* Information provided
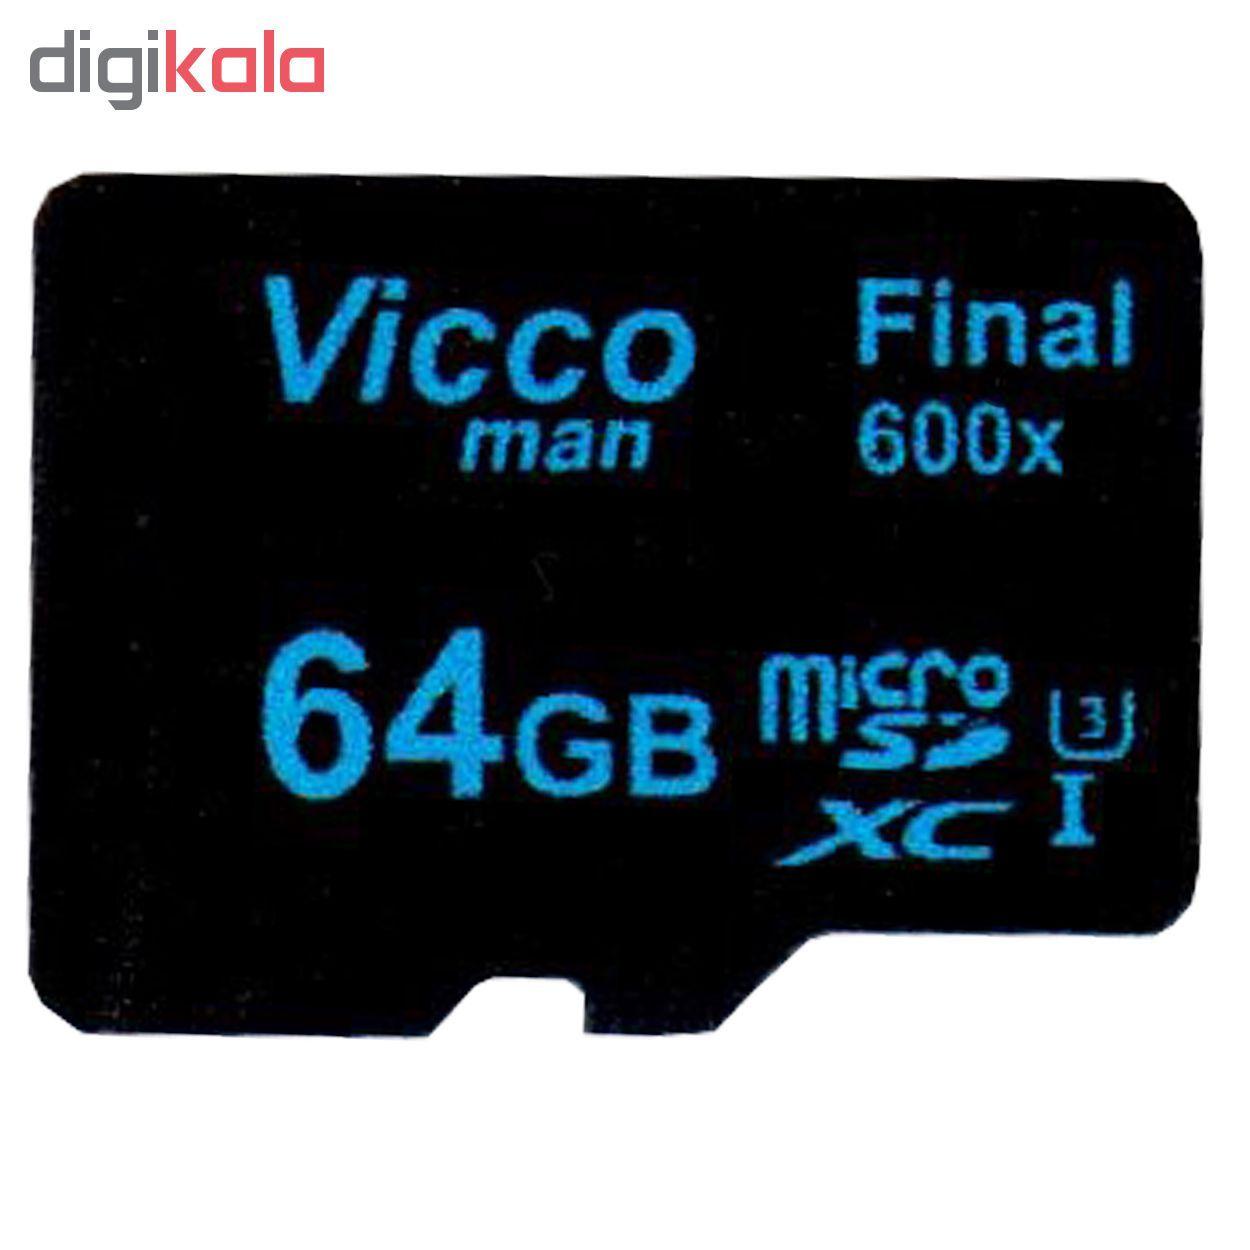 کارت حافظه microSDXC ویکومن مدل Final 600x کلاس 10 استاندارد UHS-I U3 سرعت90MBps ظرفیت 64 گیگابایت  main 1 1
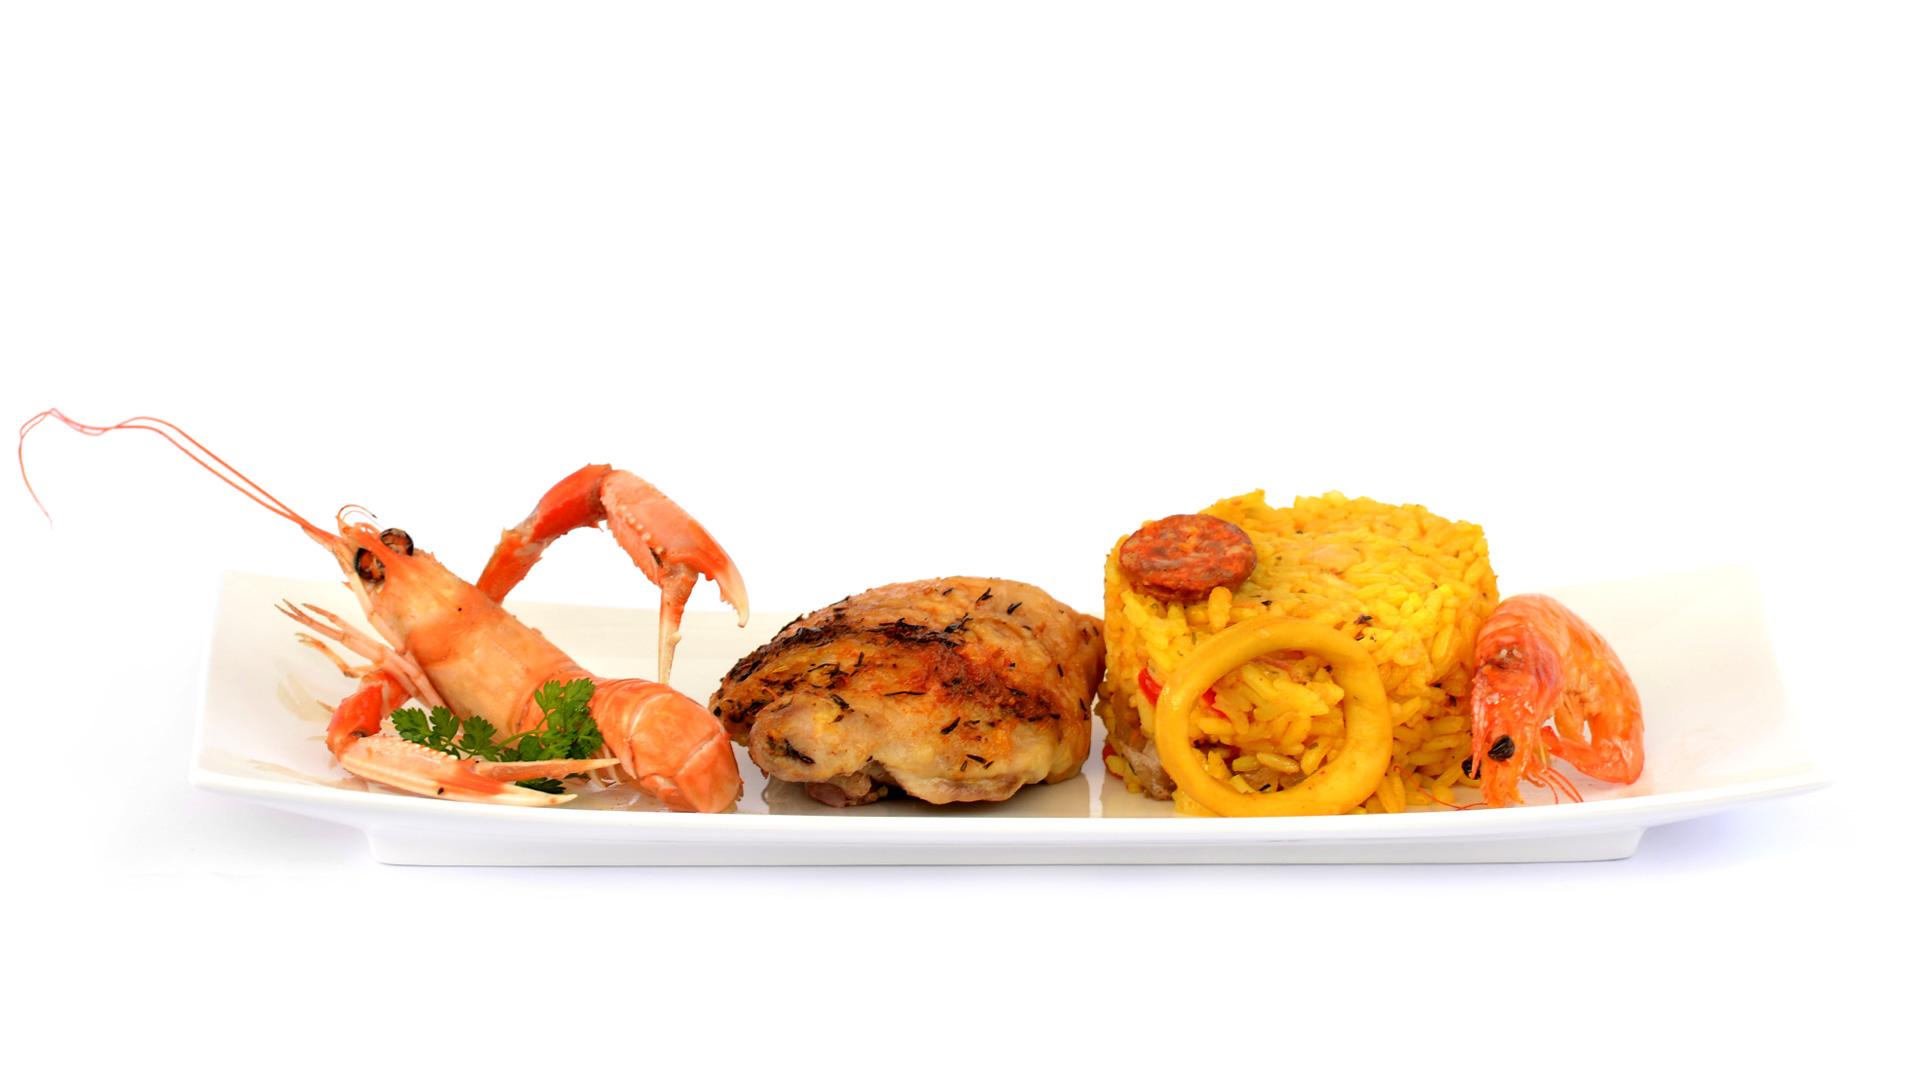 Dégustez une paella royale à base de calamar, crevettes, langoustine, poulet et chorizo
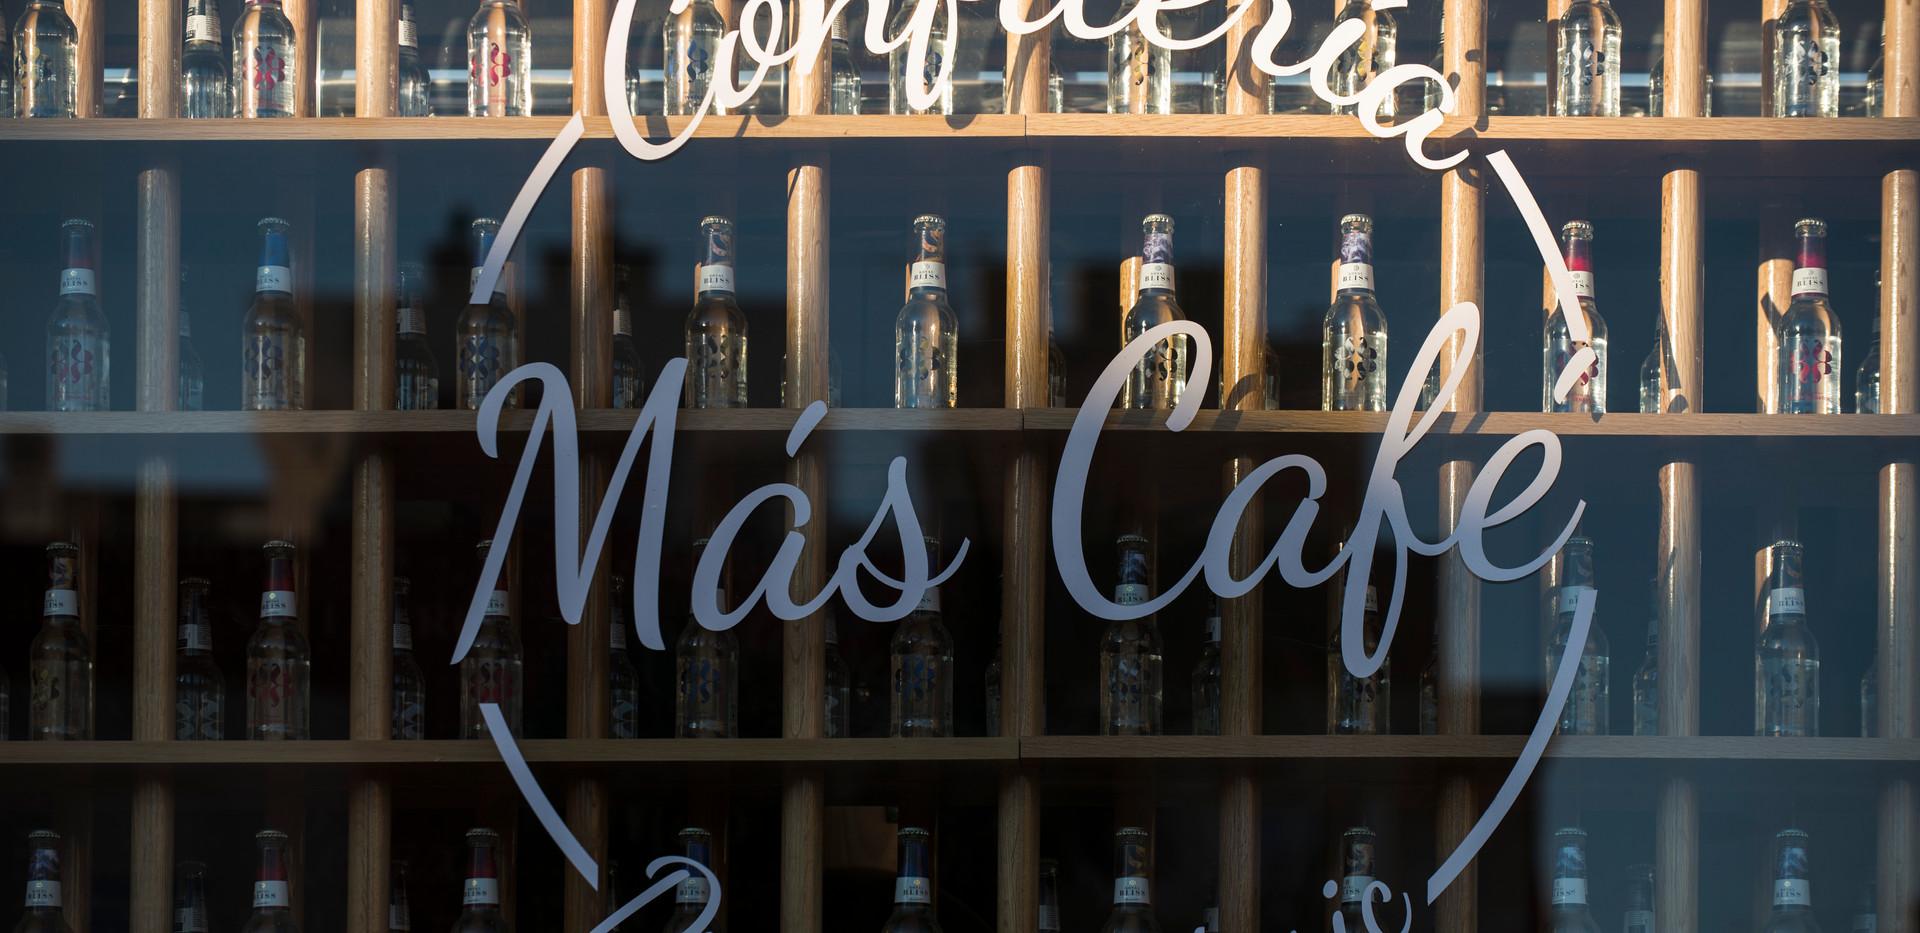 Mas_Cafe_005.jpg
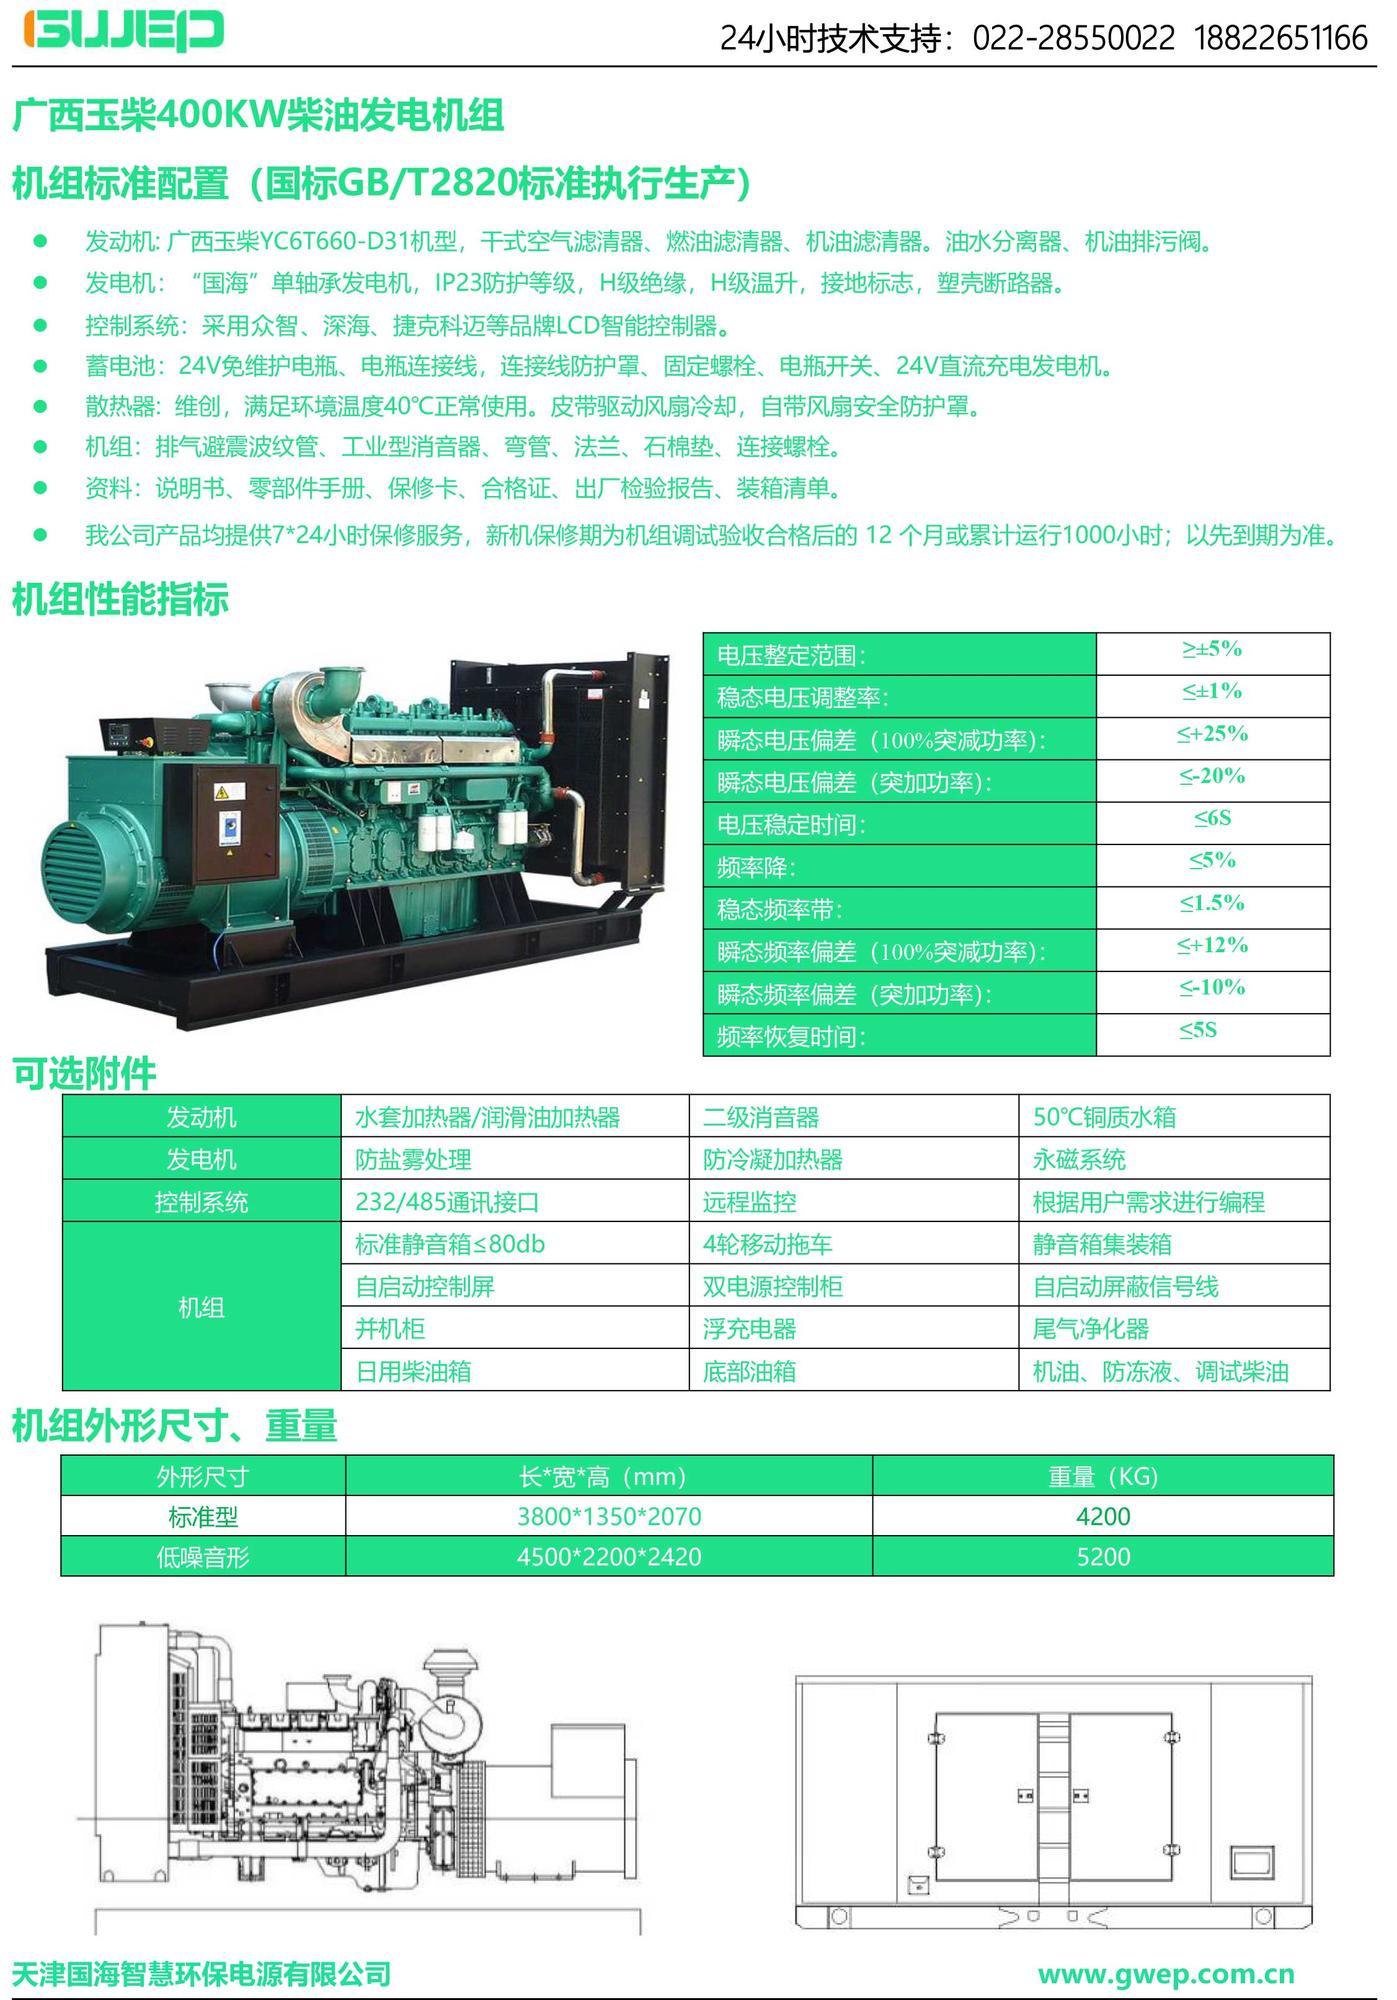 玉柴400KW发电机组技术资料-1.jpg

* Exercise description
Word for word, restate all of the material above except its pictures.

* Solution for this problem
 کارت حافظه microSDXC ویکومن مدل Final 600x کلاس 10 استاندارد UHS-I U3 سرعت90MBps ظرفیت 64 گیگابایت  main 1 1
 Dégustez une paella royale à base de calamar, crevettes, langoustine, poulet et chorizo
 Mas_Cafe_005.jpg
 玉柴400KW发电机组技术资料-1.jpg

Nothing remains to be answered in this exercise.